In regards to the algorithm, the fit numbers look good. The experimental design looks pretty solid too.
Bear, as you use this model, i assume that it has generalized to your athletes well (otherwise, you wouldn’t be using it). Have you noticed any confounding factors that effect this algorithm’s efficiency? (Namely athletes with qualifications at the extreme ends of those tested in the paper)
So far I haven’t found any, but I haven’t worked with it long enough or with enough subjects to give a legitimate opinion regarding your question. Ken Jakalski, a coach in the Chicago area as used it much longer than I. He has not reported anything unusual to me.
For training purposes, it is very dynamic in nature because of its adaptation to changes in ability of each athlete.
I don’t understand the second graph (or the first one really…).

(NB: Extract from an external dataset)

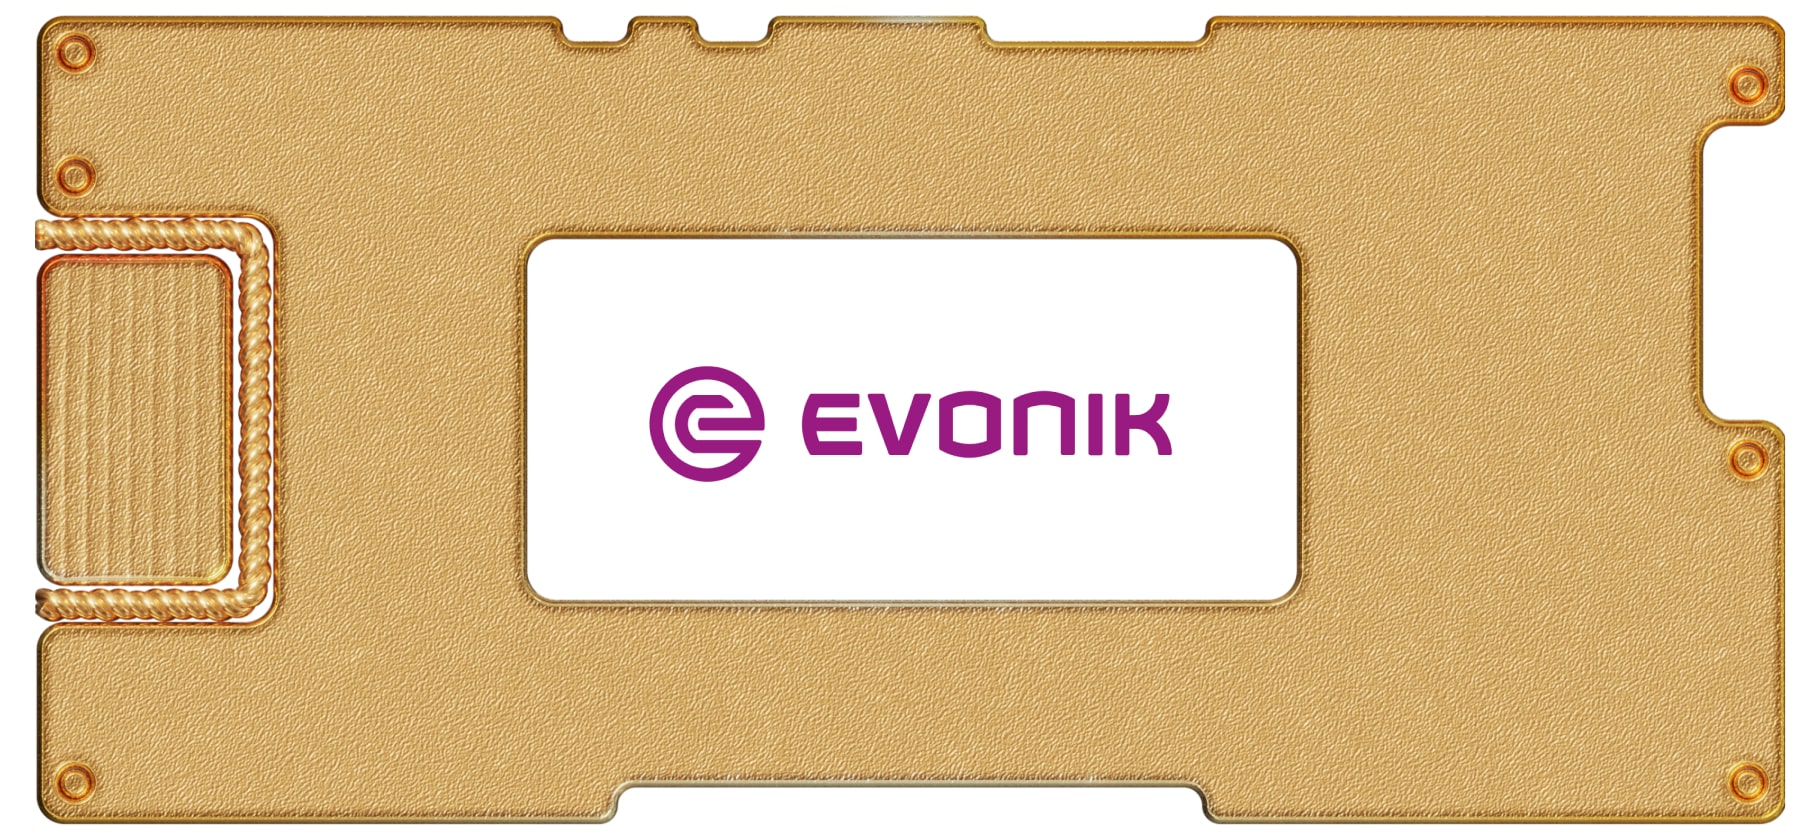 Инвестидея: Evonik, потому что немцы умеют и могут

You input the Distance1, Time1, Velocity, Distance2, Time2, Velocity2, and the rest is pumped out onto the worksheet?
The 800m time is quite a bit off, though. most 60 second runners Guys or girls I know hit about 2:20-25 in the 800. I haven’t seen any algorith/program that can accurately predict times when switching energy systems. 100->800->10k. Regardless, it looks fairly accurate, and like one heckuva tool.
Daniels Running formula has a chart similar to this -and it helps oodles for doing trainig runs and intervals, but again it’s off depending up on the different event emphasis of the athletes.
Ladders, cones, reactive balls oh yeah.